Description of the task: Only the lines from the one containing "Nanoblocktime All Rounder" to the end of the data below belong in the answer, each repeated exactly; no pictures.

Data block:

★ ★ ★ ★ ★ ★ ★

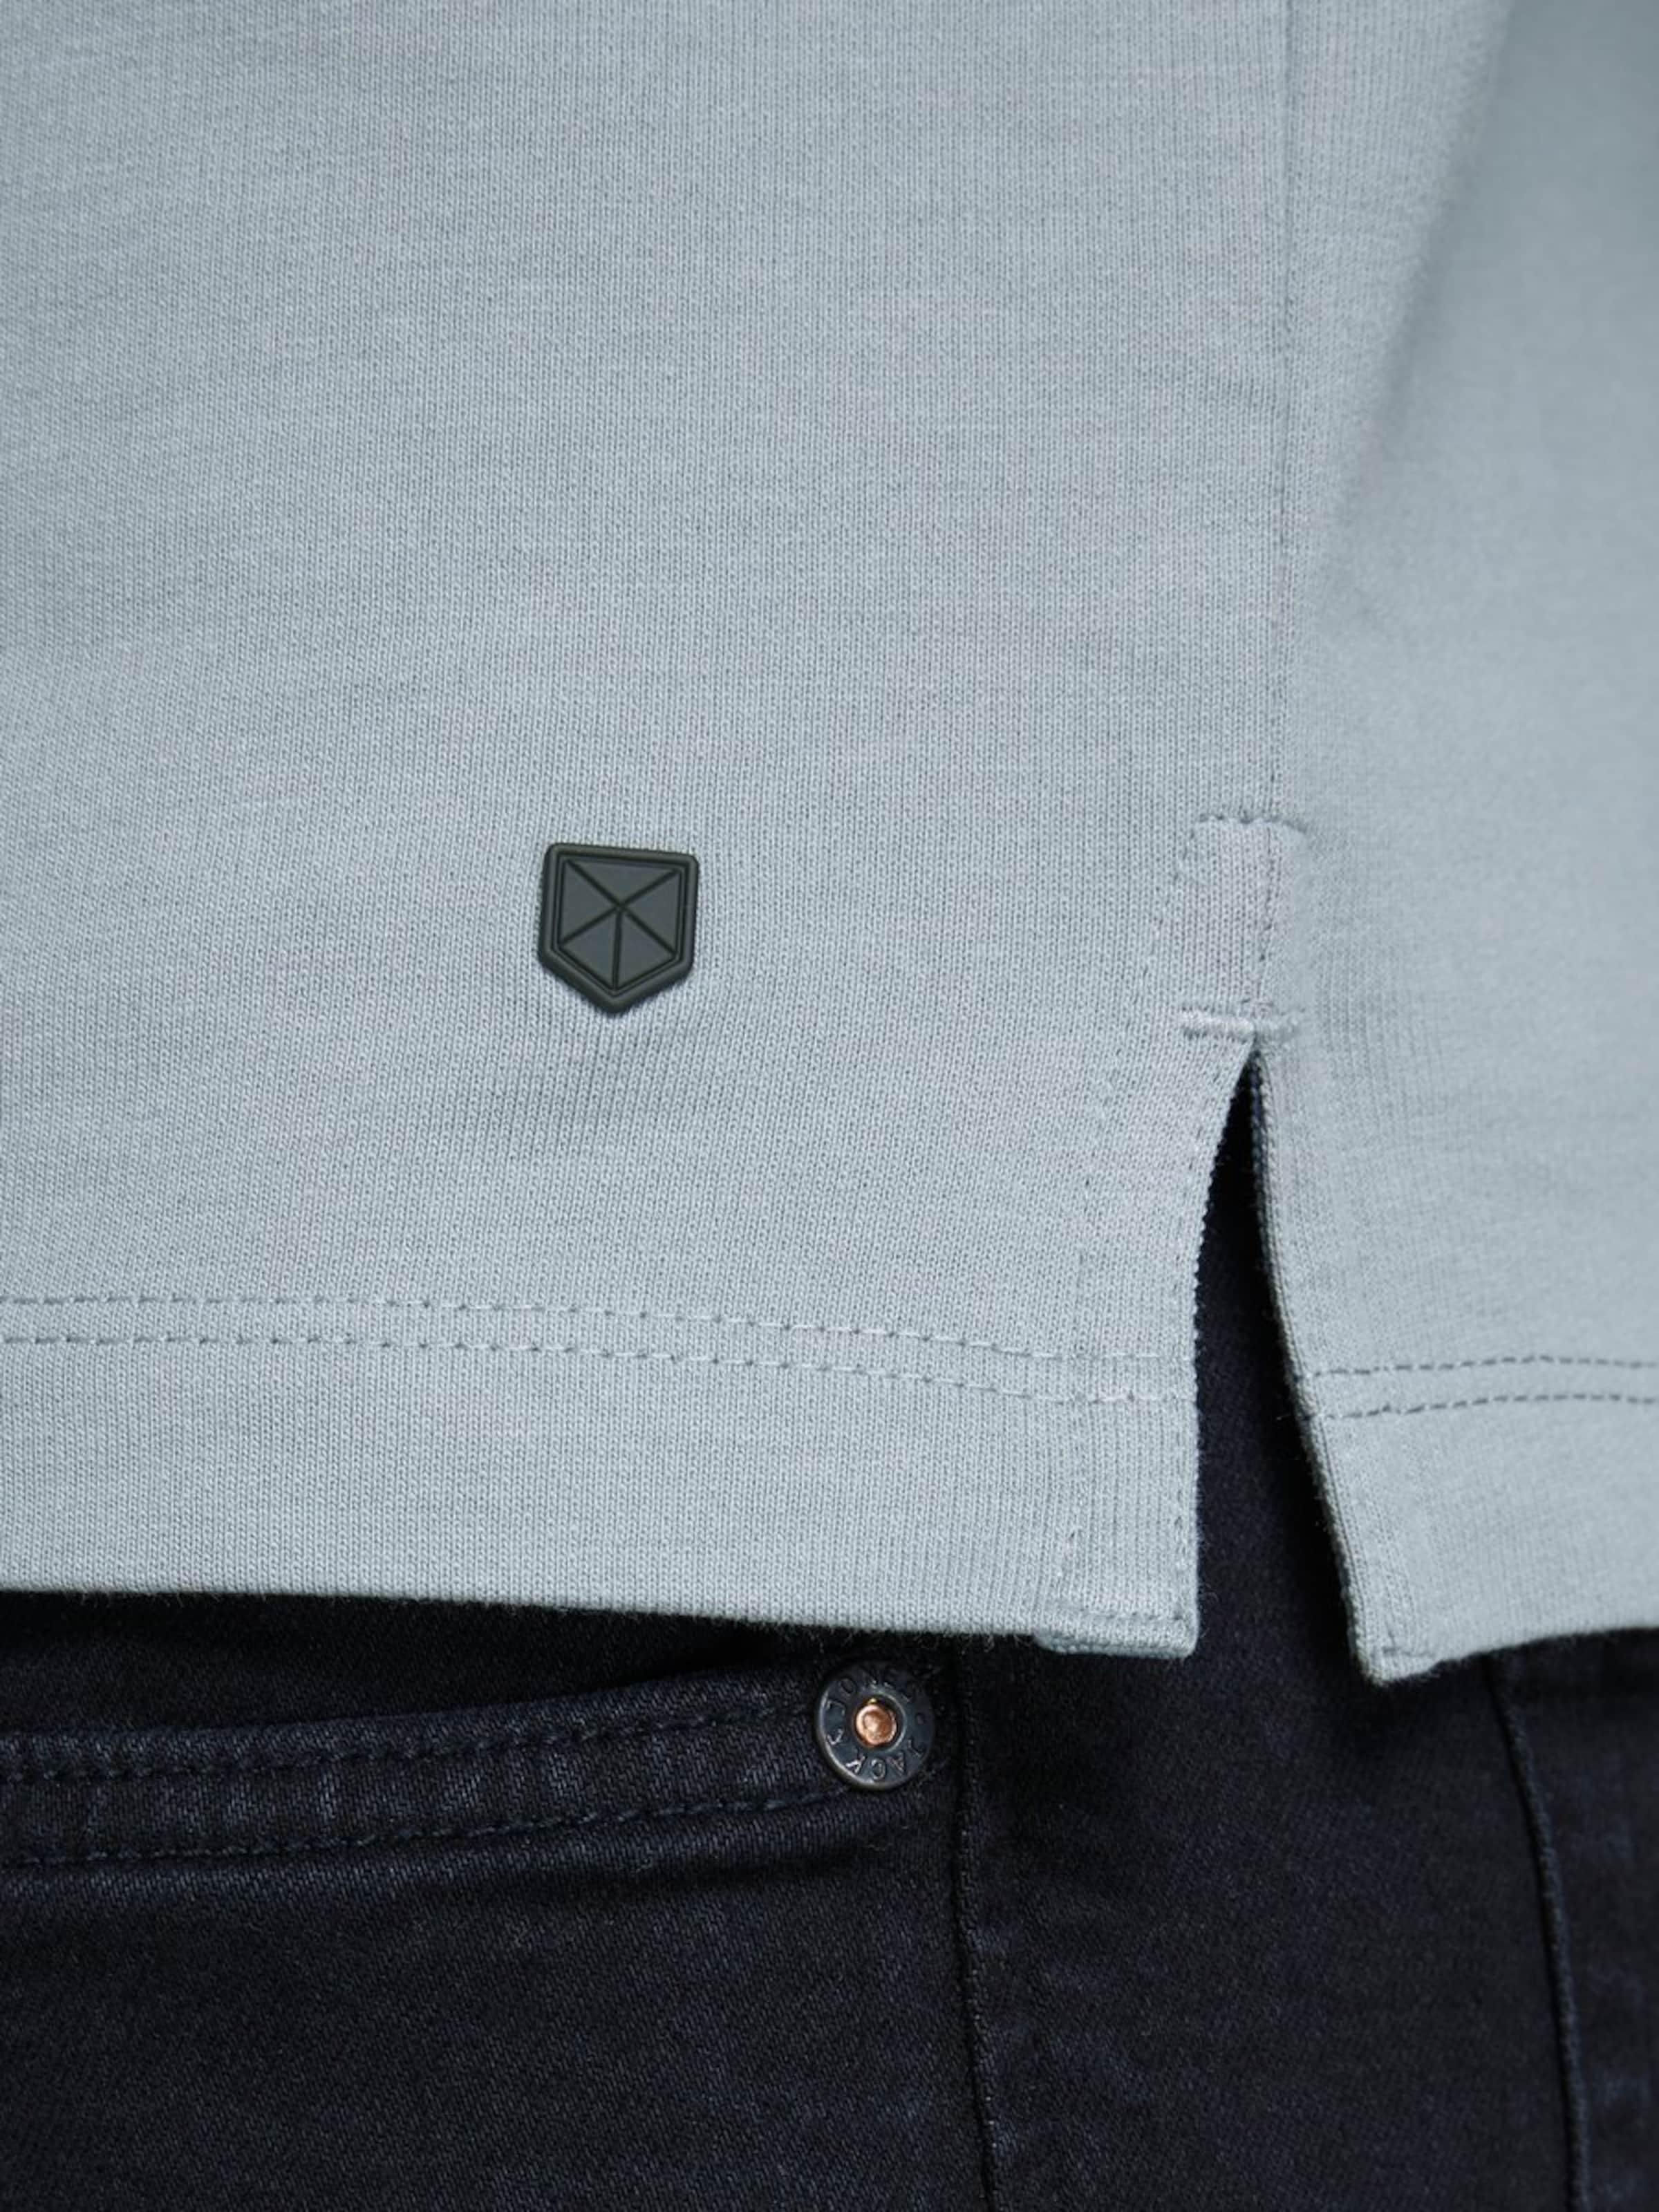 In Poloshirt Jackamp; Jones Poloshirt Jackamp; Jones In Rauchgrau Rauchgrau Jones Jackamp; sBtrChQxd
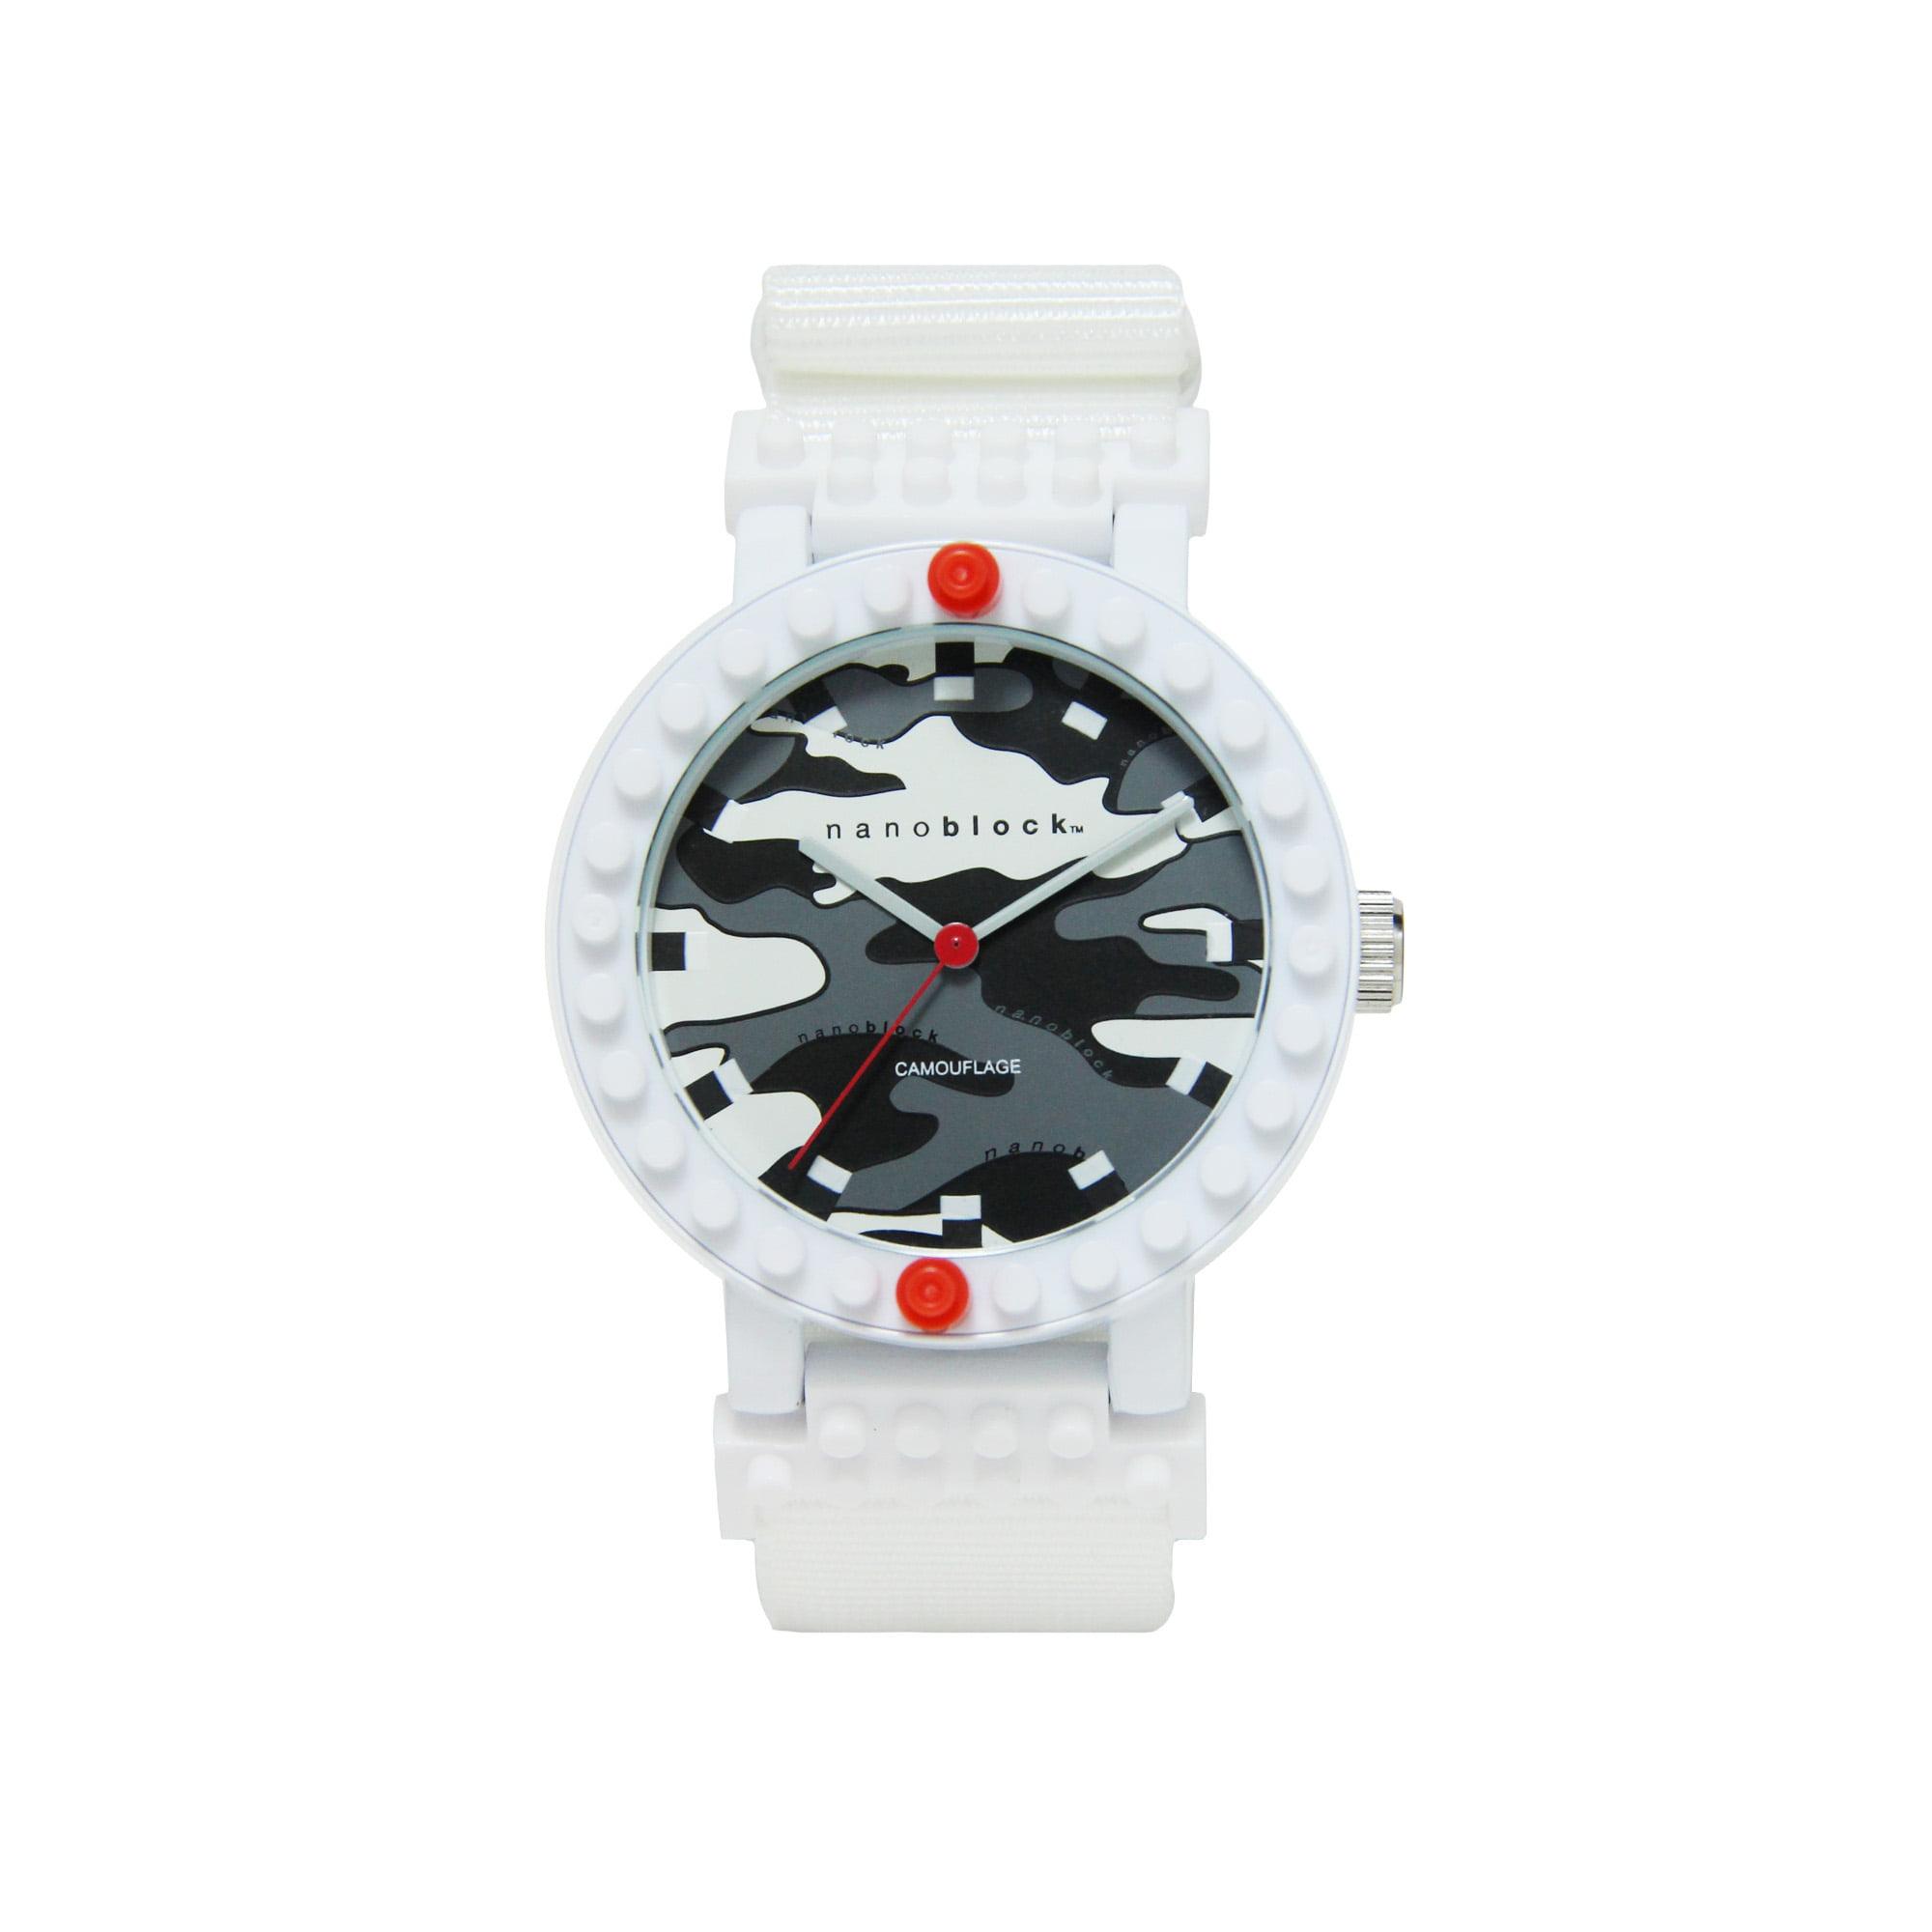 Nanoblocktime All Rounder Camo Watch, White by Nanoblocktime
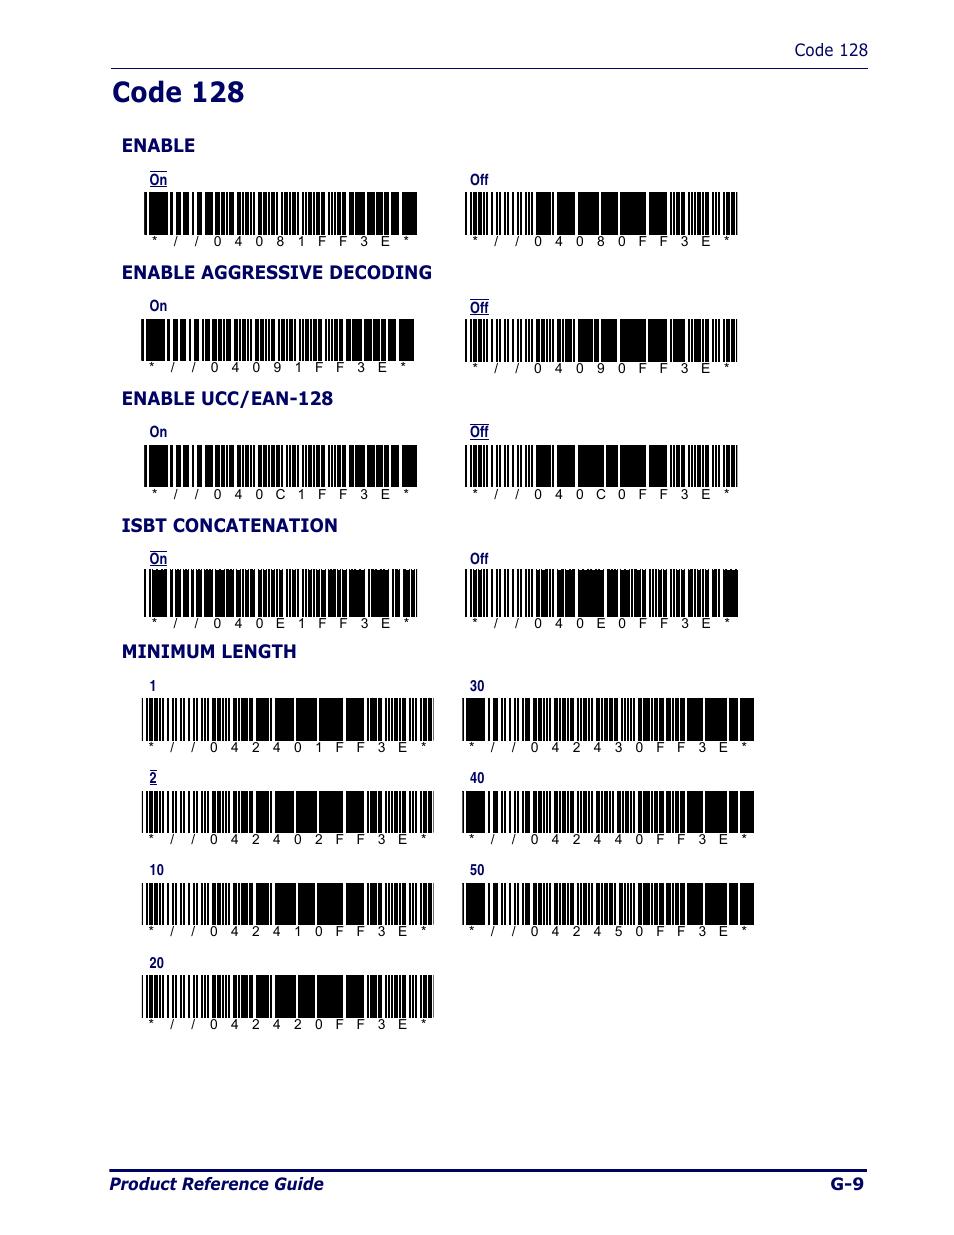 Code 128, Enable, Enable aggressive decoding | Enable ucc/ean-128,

★ ★ ★ ★ ★ ★ ★

Answer to this task:
 Nanoblocktime All Rounder Camo Watch, White by Nanoblocktime
 Code 128, Enable, Enable aggressive decoding | Enable ucc/ean-128,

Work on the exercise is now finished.